- [Provided material]:
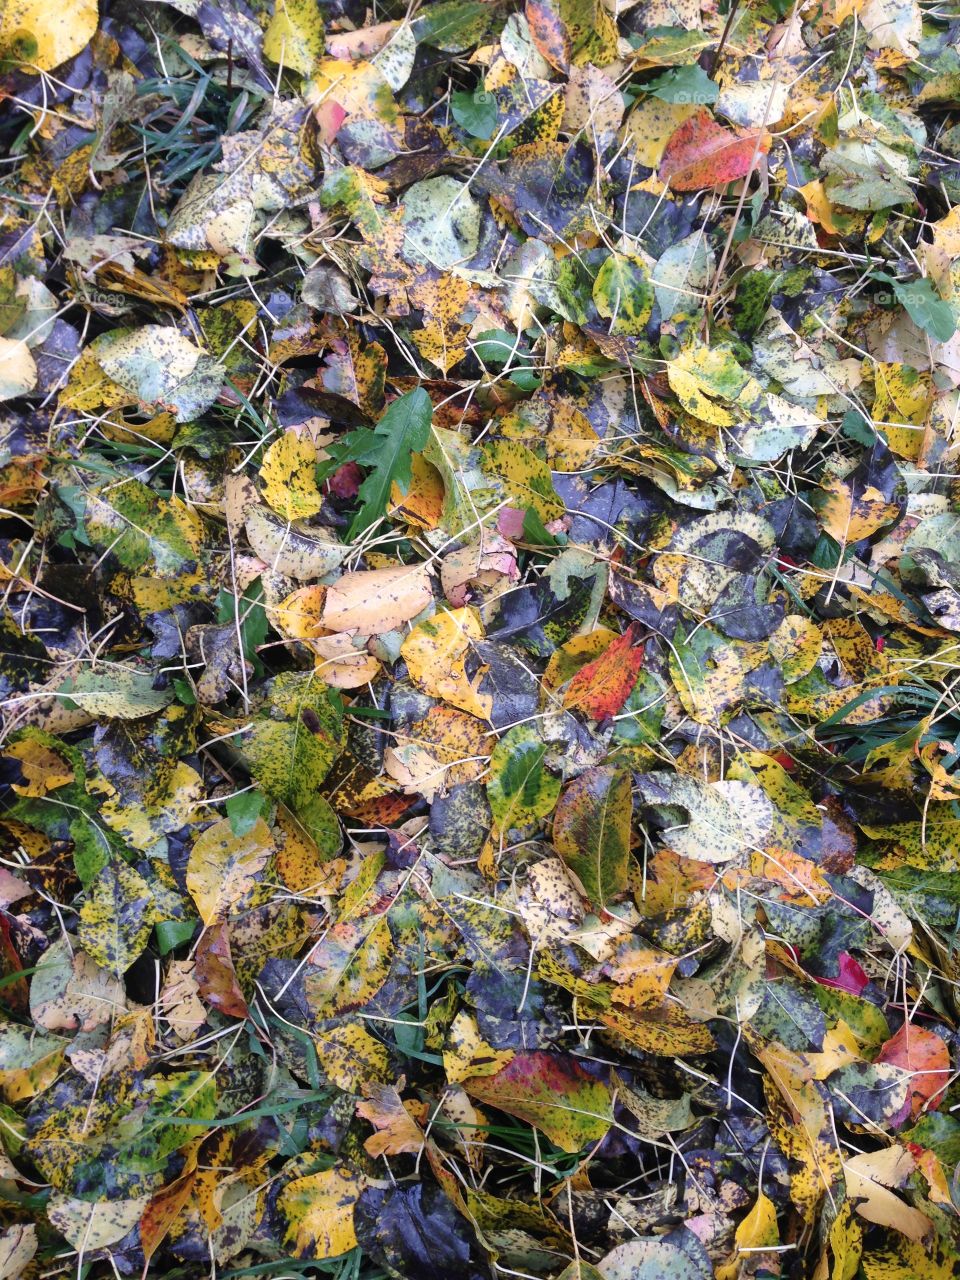 Carpet of fall!
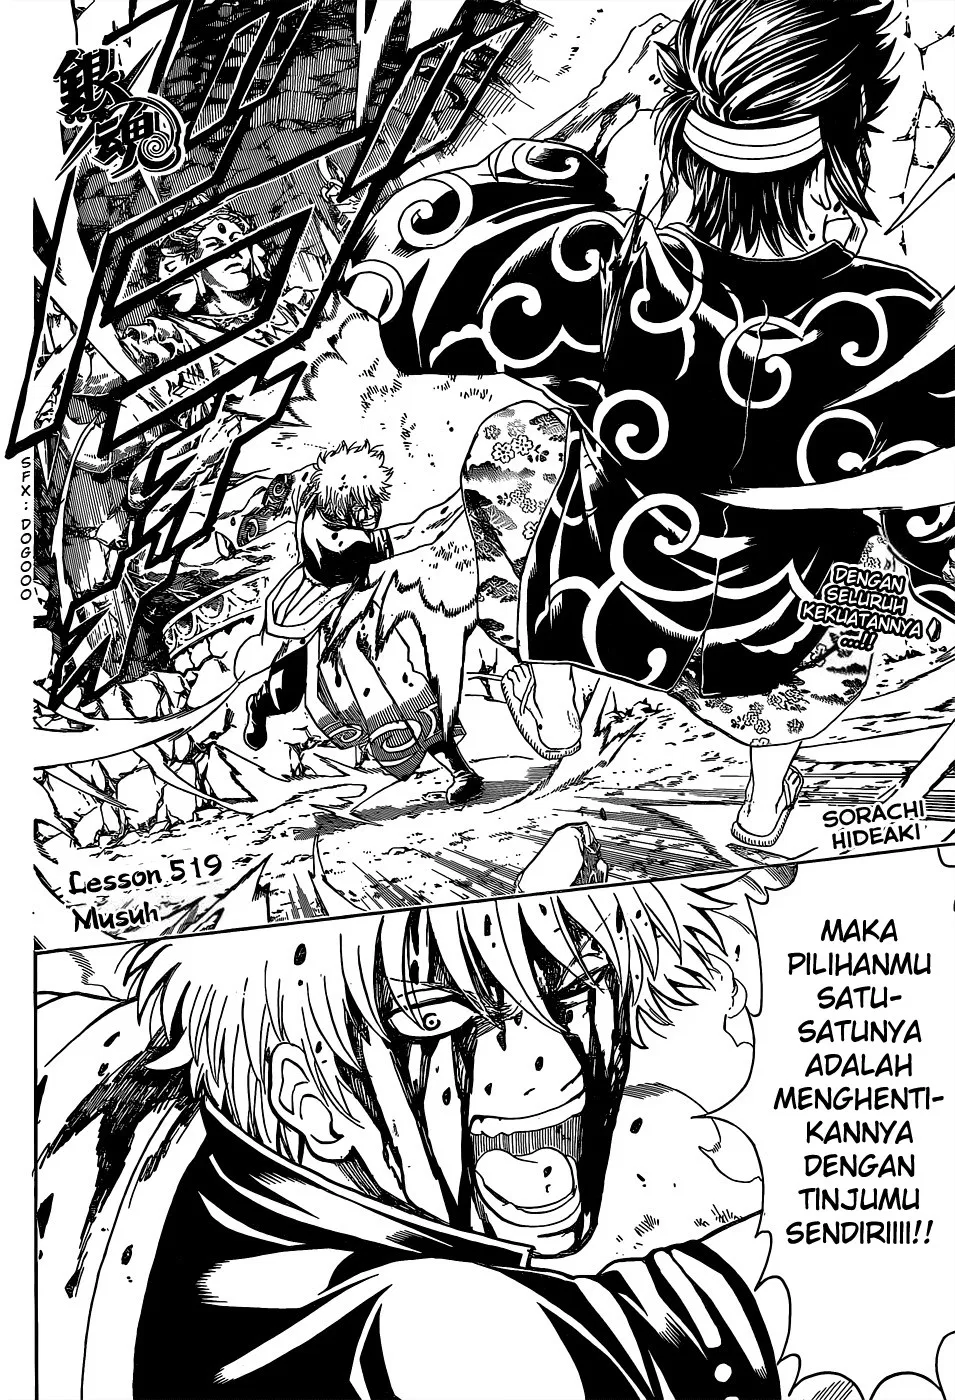 Gintama Chapter 519
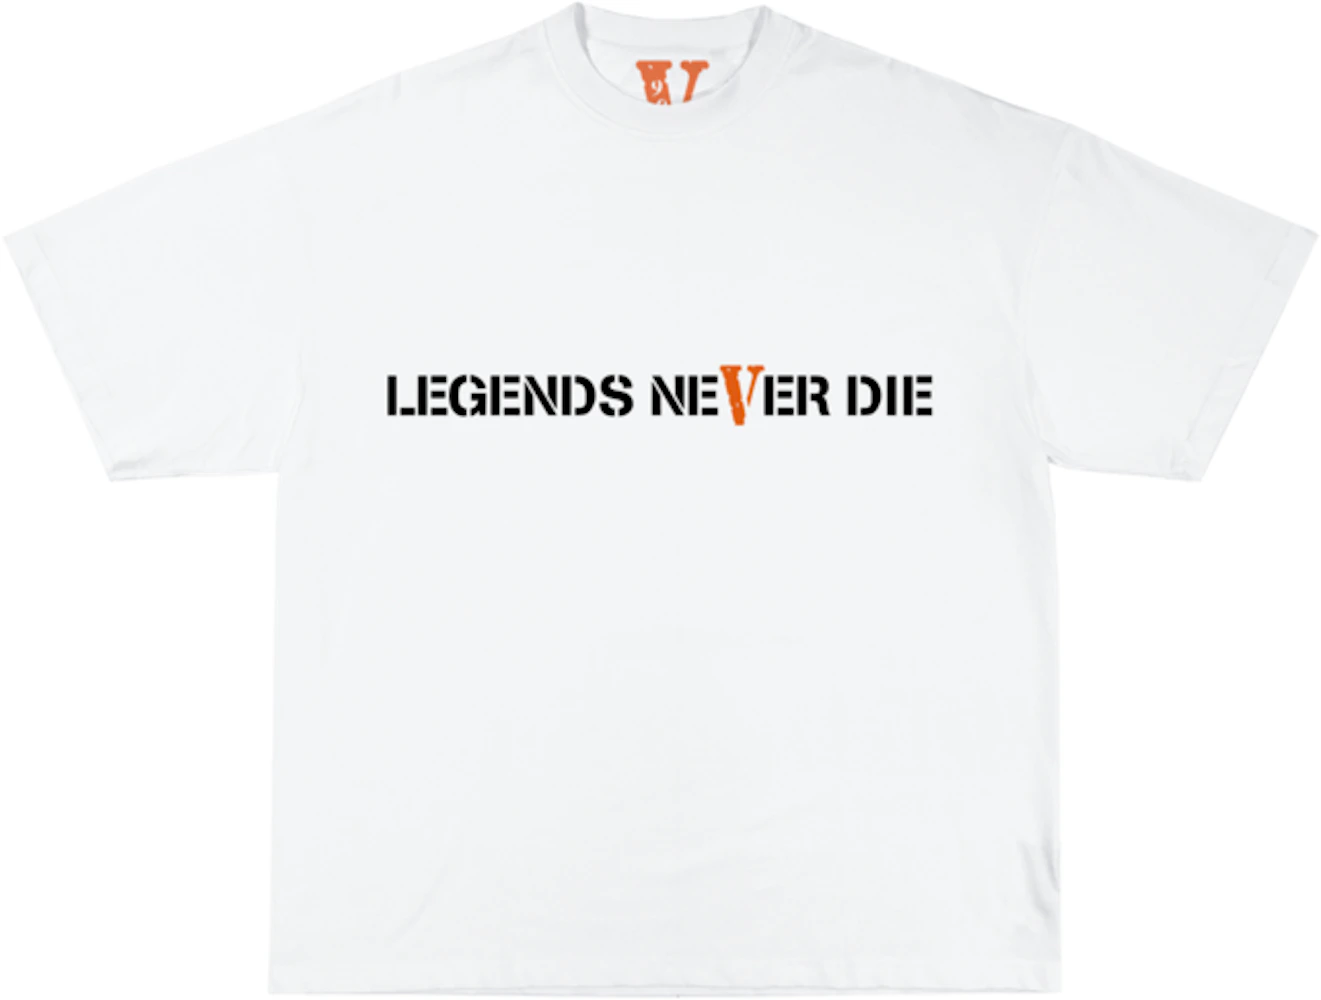 Juice Wrld x Vlone Legends Never Die Tee

- [Task]:
Hand back the data above exactly, leaving out all pictures.

- [Output of the exercise]:
 Carpet of fall!
 Gintama Chapter 519
 Juice Wrld x Vlone Legends Never Die Tee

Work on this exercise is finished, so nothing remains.